I would like to know why:
$\left| \sum\limits_{t=0}^\infty \delta^tr(s_t,a_t)\right|\le \sum\limits_{t=0}^\infty \delta^t|r(s_t,a_t)|$
where:
$\delta \in (0,1)$ and is a $r(s_t,a_t)$ is a real valued function and is bounded.

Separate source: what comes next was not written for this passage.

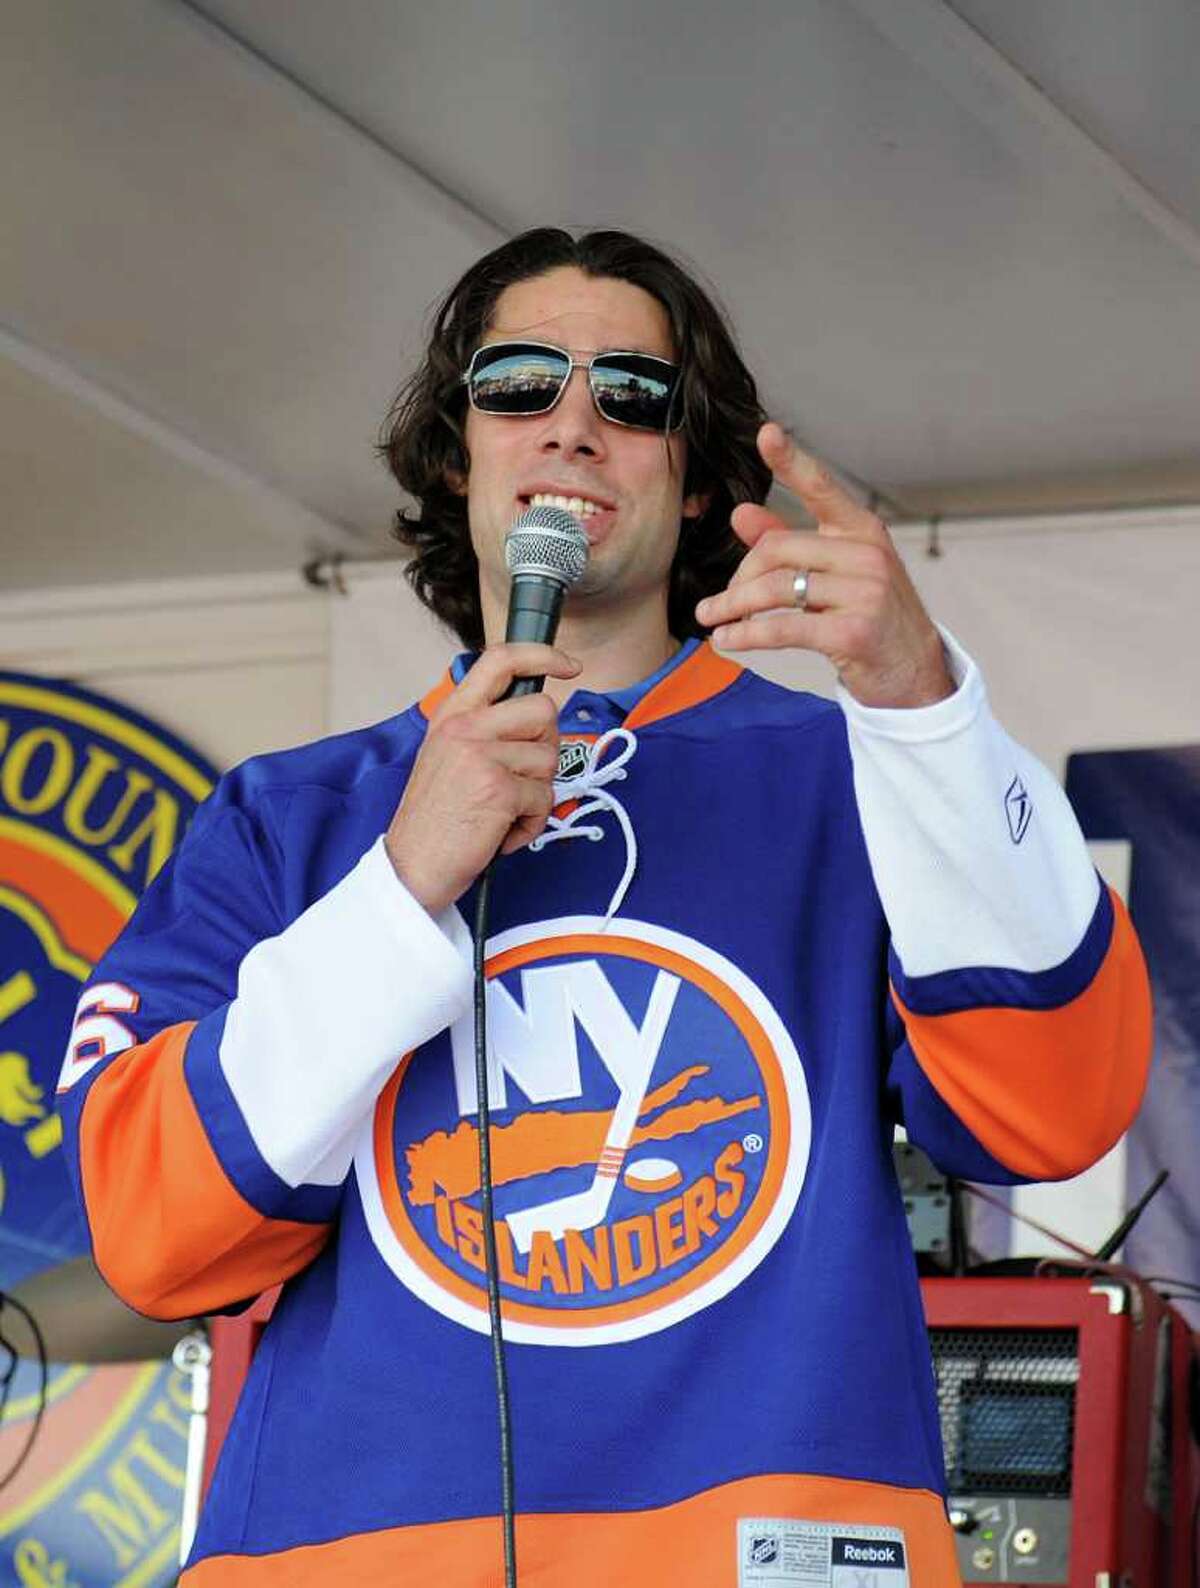 UNIONDALE, NY - JULY 27: Matt Moulson #36 of the New York Islanders speaks during the fan rally at Nassau Coliseum on July 27, 2011 in Uniondale, New York. (Photo by Christopher Pasatieri/Getty Images)

My text states that the above is a consequence of the Cauchy-Schwarz inequality, but it is not immediately clear to me why it is true. So, I tried to prove it by starting from the Cauchy-Schwarz inequality:
$\begin{align}
\left(\sum\limits_{i=0}^n a_ib_i\right)^2 \le \left(\sum\limits_{i=0}^n a_i^2\right) \left(\sum\limits_{i=0}^nb_i^2\right)
\end{align}$
Taking square roots on both sides, I can get:
$$ \left| \sum\limits_{i=0}^n a_ib_i \right| \le \left(\sum\limits_{i=0}^n a_i^2\right)^\frac{1}{2} \left(\sum\limits_{i=0}^nb_i^2\right)^\frac{1}{2} \le \left(\sum\limits_{i=0}^n a_i^2\right) \left(\sum\limits_{i=0}^nb_i^2\right)$$
Now, I don't know what else I can do to get $\left(\sum\limits_{i=0}^n a_i|b_i|\right)$
Best Answer
I would think that Hölder's inequality is more appropriate here. The sequence $t \mapsto r(s_t,a_t)$ is in $l_\infty$ and the sequence $t \mapsto \delta^t$ is in $l_1$ hence the sequence $t \mapsto \delta^t r(s_t,a_t)$ is in $l_1$.
Here is a direct proof:
Let $S_n = \sum\limits_{t=0}^n \delta^tr(s_t,a_t)$, and suppose $|r(s_t,a_t)| \le B$.
The triangle inequality gives (suppose $n \ge m$): $|S_n-S_m| = \left| \sum\limits_{t=m+1}^n \delta^tr(s_t,a_t)\right|\le \sum\limits_{t=m+1}^n \delta^t |r(s_t,a_t)| \le B\sum\limits_{t=m+1}^n \delta^t \le B { \delta^{m+1} \over 1 -\delta}$. It follows from this that $S_n$ is Cauchy and so we have $S_n \to S$ for some $S$.
We have $|S_n| = \left| \sum\limits_{t=0}^n \delta^tr(s_t,a_t)\right|\le \sum\limits_{t=0}^n \delta^t |r(s_t,a_t)| \le \sum\limits_{t=0}^\infty \delta^t |r(s_t,a_t)| \ $, taking limits gives the desired result.